▶ Assigned task: Transcribe exactly the line with "3-6 foot Community" and each line that follows it in the listing, down to the last, omitting all pictures.

### Information shown ###

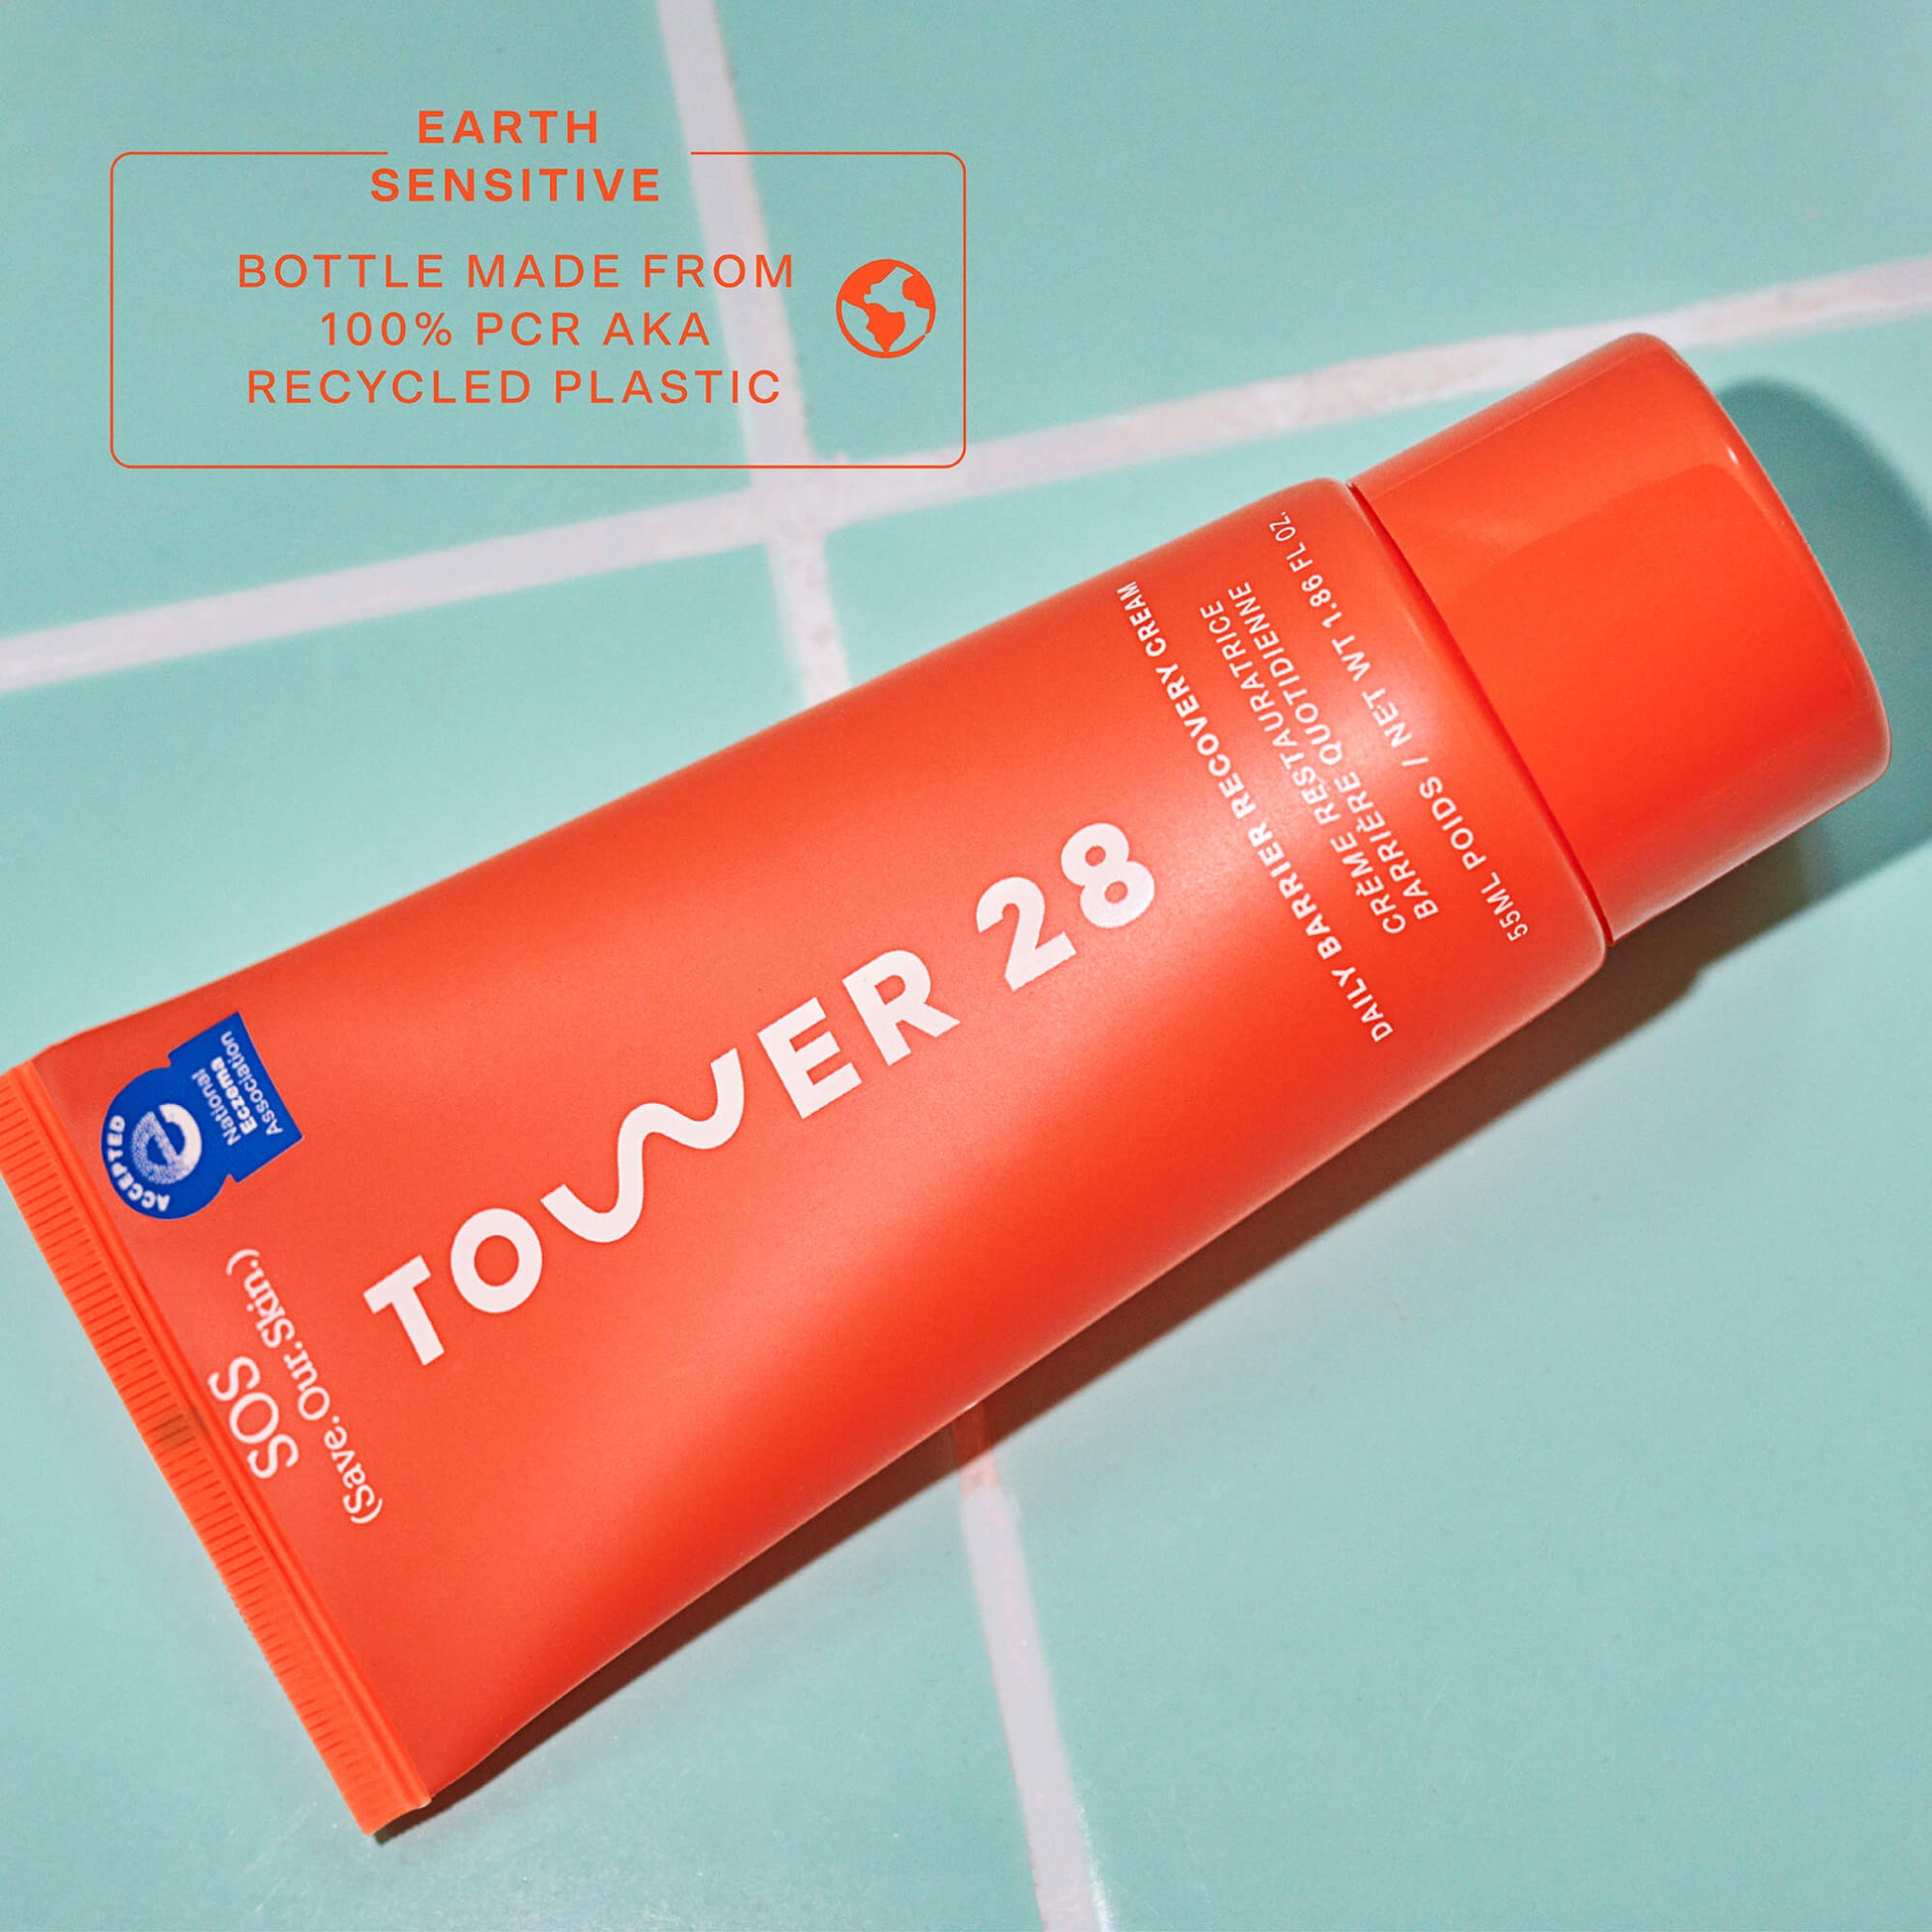 [Shared: Tower 28 Beauty SOS Recovery Cream bottle is made from 100% PCR aka recycled plastic
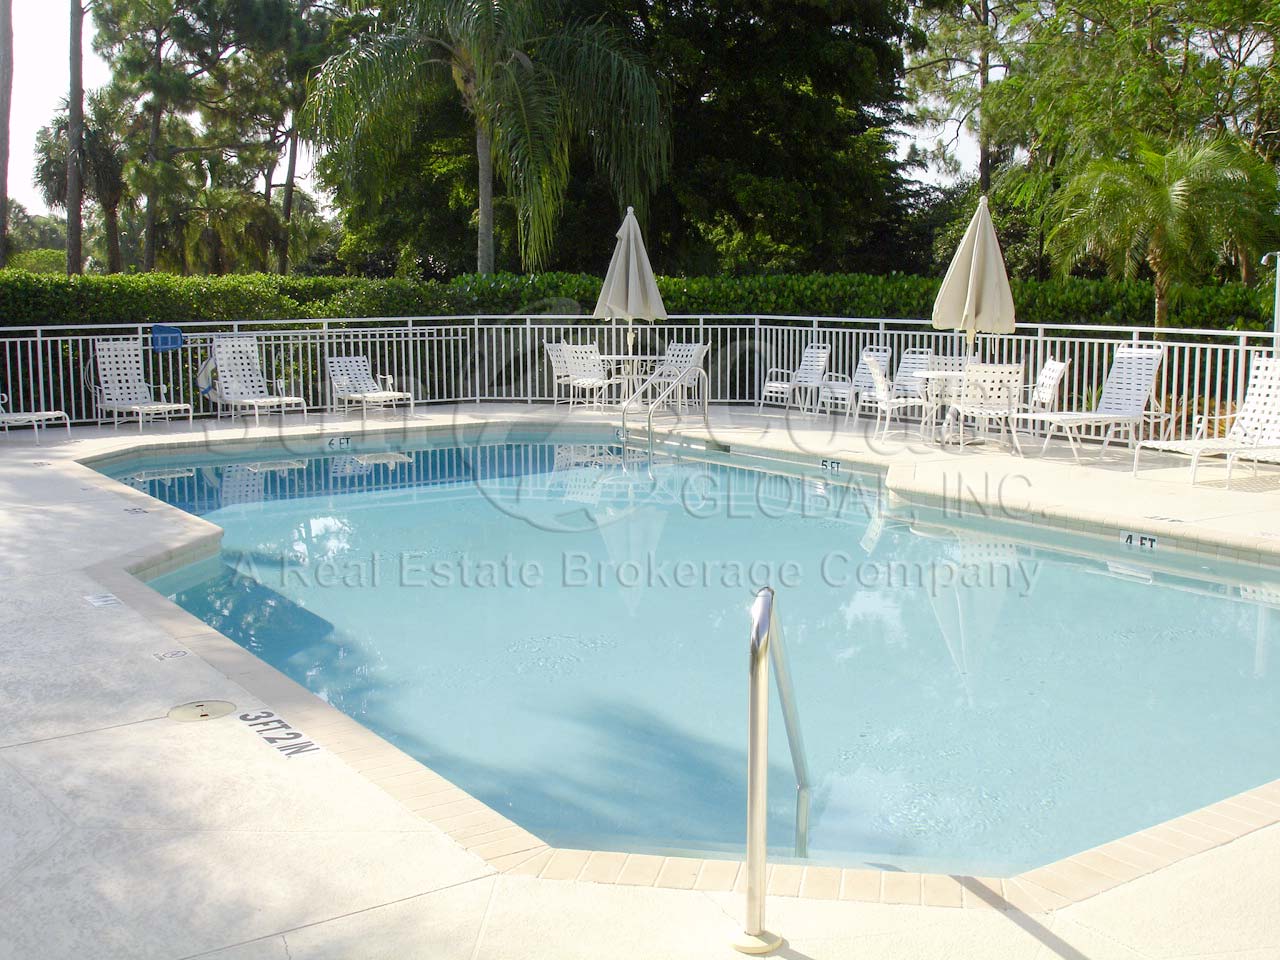 3-6 foot Community pool  with stamped pool area
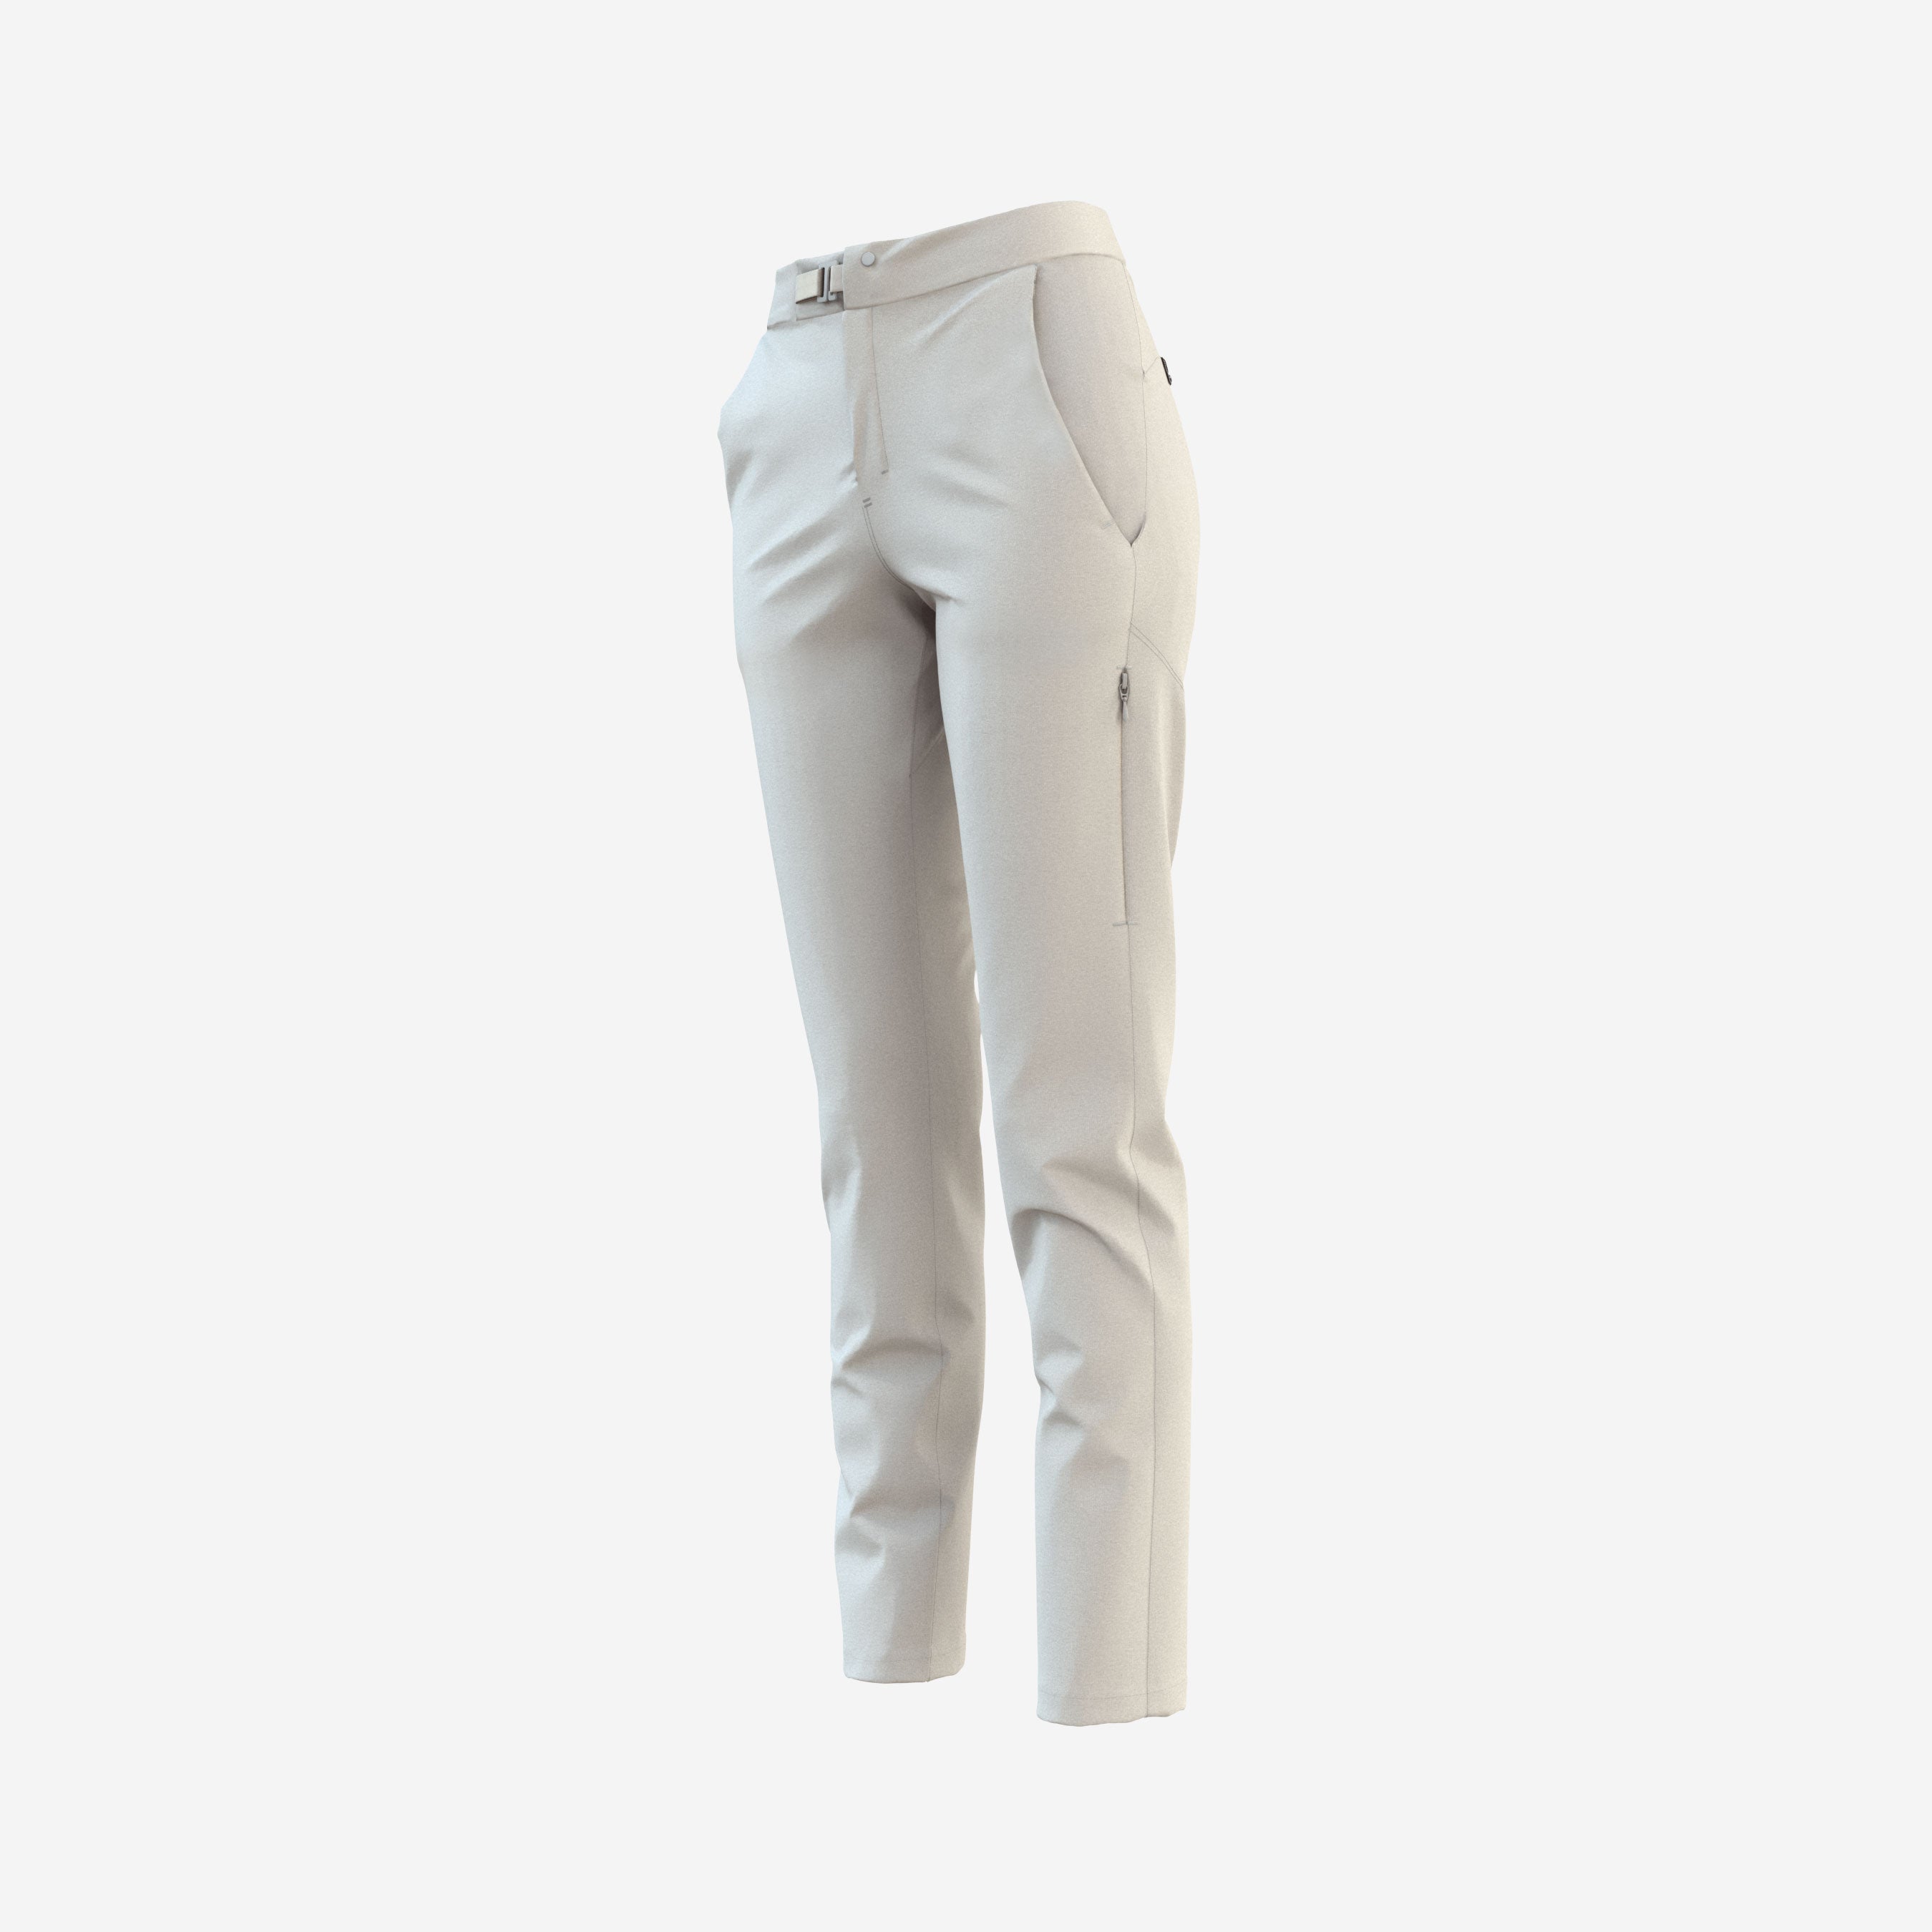 Diffuse Women's Pant

###

▶ Task response:
 3-6 foot Community pool  with stamped pool area
 Diffuse Women's Pant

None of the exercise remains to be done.